According to the Köppen climate classification system, Milford Twp has a Hot-summer, Humid continental climate (Dfa). Dfa climates are characterized by at least one month having an average mean temperature ≤ 32.0 °F, at least four months with an average mean temperature ≥ 50.0 °F, at least one month with an average mean temperature ≥ 71.6 °F and no significant precipitation difference between seasons. Although most summer days are slightly humid in Milford Twp, episodes of heat and high humidity can occur with heat index values > 104 °F. Since 1981, the highest air temperature was 102.4 °F on 07/22/2011, and the highest daily average mean dew point was 74.5 °F on 08/01/2006. The average wettest month is July which corresponds with the annual peak in thunderstorm activity. Since 1981, the wettest calendar day was 7.74 in on 09/30/2010. During the winter months, the average annual extreme minimum air temperature is -1.5 °F. Since 1981, the coldest air temperature was -13.6 °F on 01/22/1984. Episodes of extreme cold and wind can occur with wind chill values < -12 °F. The average annual snowfall (Nov-Apr) is between 30 in and 36 in.

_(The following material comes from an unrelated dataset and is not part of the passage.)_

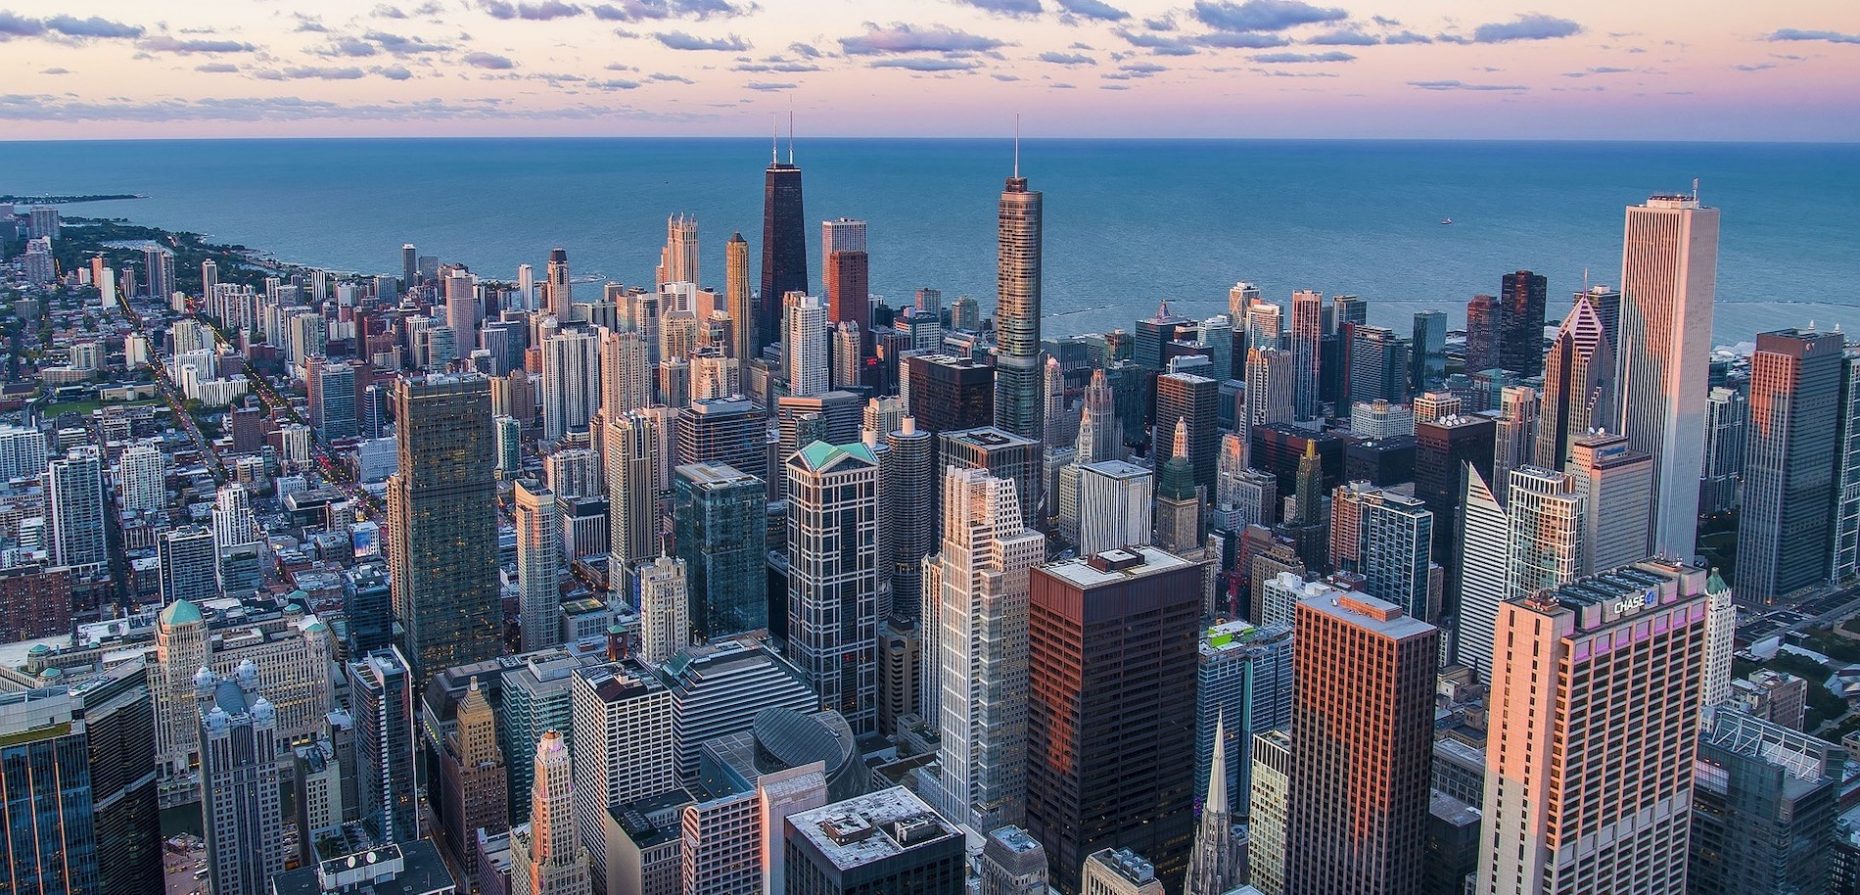 Seit 2015 lädt die drittgrößte Stadt der USA alle zwei Jahre jeweils im September zur Chicago Architecture Biennial. Warum aber sollte man statt nach New York hierher reisen? COLD PERFECTION klärt auf.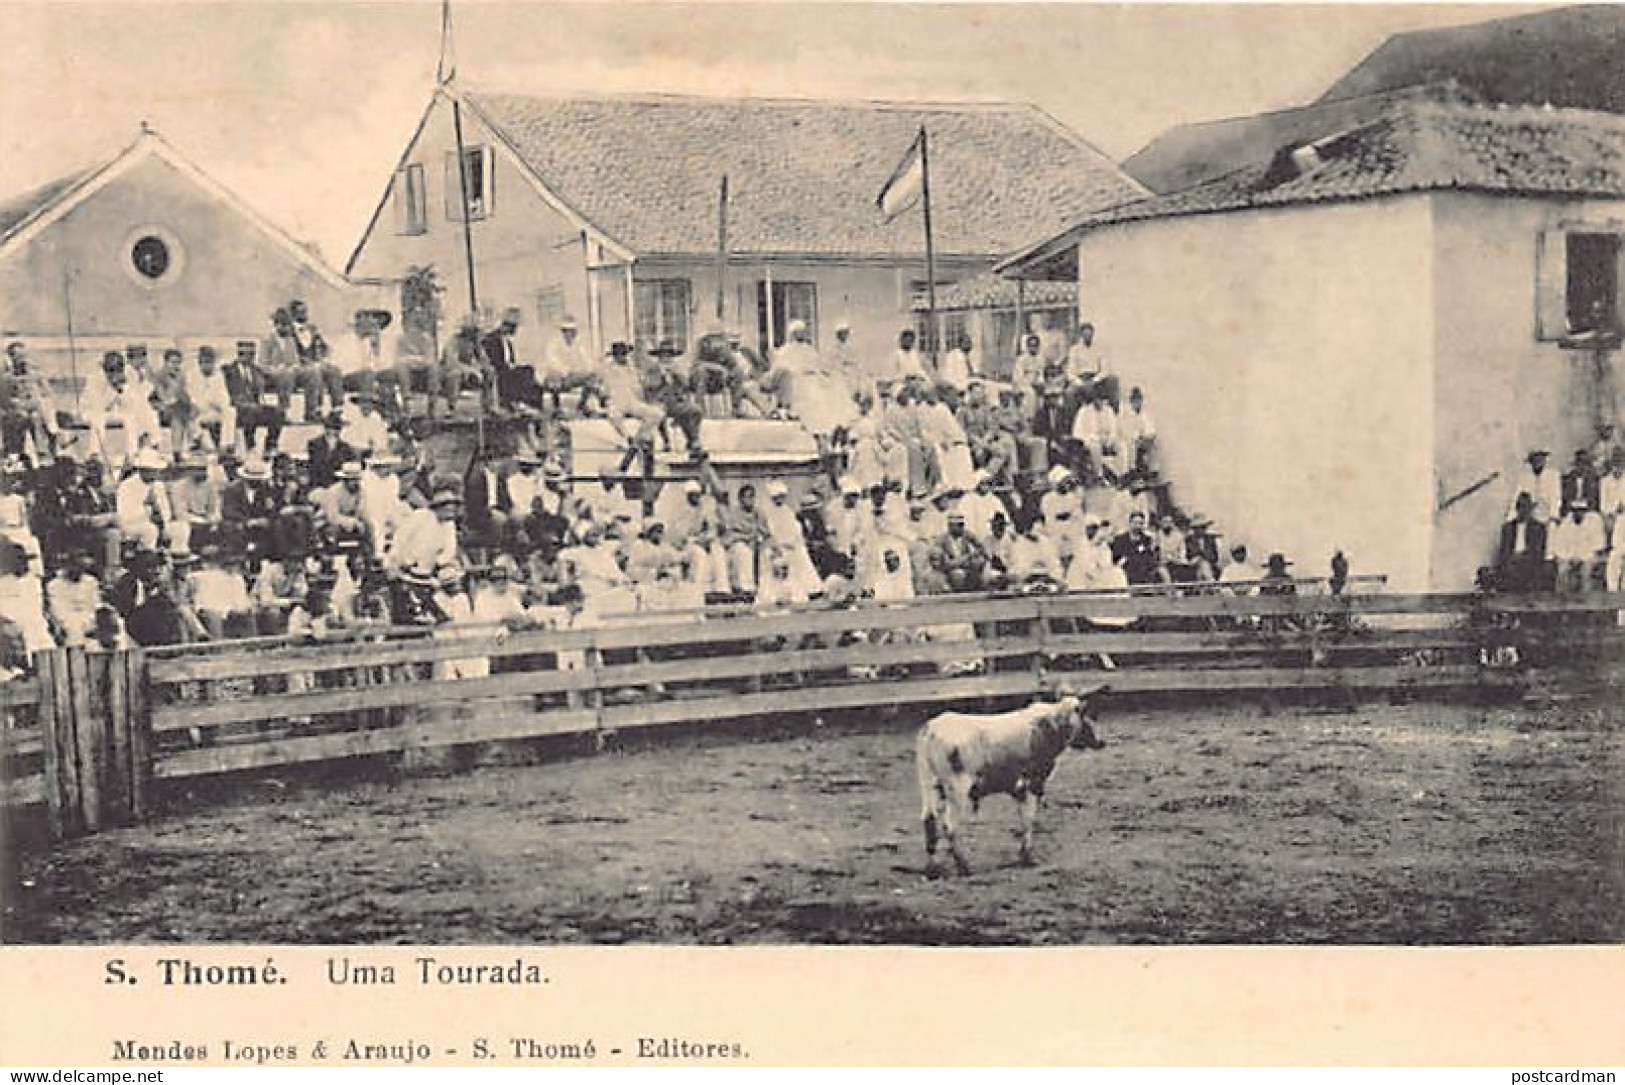 SAO TOME - Uma Tourada - Bullfight - Publ. Mendes. - Santo Tomé Y Príncipe

Ice storms and large snowstorms depositing ≥ 12 in of snow occur once every few years, particularly during nor’easters from December through February.

Climate data for Milford Twp, Elevation 502 ft (153 m), 1981-2010 normals, extremes 1981-2018
| Month | Jan | Feb | Mar | Apr | May | Jun | Jul | Aug | Sep | Oct | Nov | Dec | Year |
| Record high °F (°C) | 69.9 (21.1) | 77.6 (25.3) | 86.2 (30.1) | 92.2 (33.4) | 94.0 (34.4) | 95.4 (35.2) | 102.4 (39.1) | 98.7 (37.1) | 96.3 (35.7) | 89.0 (31.7) | 79.5 (26.4) | 74.2 (23.4) | 102.4 (39.1) |
| Mean daily maximum °F (°C) | 37.6 (3.1) | 41.0 (5.0) | 49.6 (9.8) | 61.7 (16.5) | 71.8 (22.1) | 80.4 (26.9) | 84.4 (29.1) | 82.7 (28.2) | 75.9 (24.4) | 64.3 (17.9) | 53.2 (11.8) | 41.7 (5.4) | 62.1 (16.7) |
| Daily mean °F (°C) | 29.0 (−1.7) | 31.6 (−0.2) | 39.4 (4.1) | 50.3 (10.2) | 60.1 (15.6) | 69.1 (20.6) | 73.6 (23.1) | 71.9 (22.2) | 64.5 (18.1) | 53.0 (11.7) | 43.2 (6.2) | 33.3 (0.7) | 51.7 (10.9) |
| Mean daily minimum °F (°C) | 20.3 (−6.5) | 22.2 (−5.4) | 29.2 (−1.6) | 38.9 (3.8) | 48.4 (9.1) | 57.9 (14.4) | 62.8 (17.1) | 61.1 (16.2) | 53.1 (11.7) | 41.7 (5.4) | 33.3 (0.7) | 24.9 (−3.9) | 41.2 (5.1) |
| Record low °F (°C) | −13.6 (−25.3) | −6.2 (−21.2) | 0.9 (−17.3) | 16.6 (−8.6) | 31.0 (−0.6) | 39.8 (4.3) | 46.5 (8.1) | 41.4 (5.2) | 33.6 (0.9) | 23.1 (−4.9) | 10.1 (−12.2) | −2.5 (−19.2) | −13.6 (−25.3) |
| Average precipitation inches (mm) | 3.40 (86) | 2.77 (70) | 3.64 (92) | 3.97 (101) | 4.30 (109) | 4.27 (108) | 4.89 (124) | 3.86 (98) | 4.67 (119) | 4.34 (110) | 3.75 (95) | 3.94 (100) | 47.80 (1,214) |
| Average relative humidity (%) | 68.7 | 66.2 | 61.3 | 59.9 | 64.0 | 70.2 | 70.0 | 73.1 | 73.4 | 71.4 | 71.2 | 71.3 | 68.4 |
| Average dew point °F (°C) | 20.0 (−6.7) | 21.6 (−5.8) | 27.2 (−2.7) | 36.9 (2.7) | 47.9 (8.8) | 59.0 (15.0) | 63.2 (17.3) | 62.8 (17.1) | 55.8 (13.2) | 44.0 (6.7) | 34.5 (1.4) | 25.0 (−3.9) | 41.6 (5.3) |
Source: PRISM

==Ecology==

According to the A. W. Kuchler U.S. potential natural vegetation types, Milford Twp would have a dominant vegetation type of Appalachian Oak (104) with a dominant vegetation form of Eastern Hardwood Forest (25). The plant hardiness zone is 6b with an average annual extreme minimum air temperature of -1.5 °F. The spring bloom typically begins by April 15 and fall color usually peaks by October 26.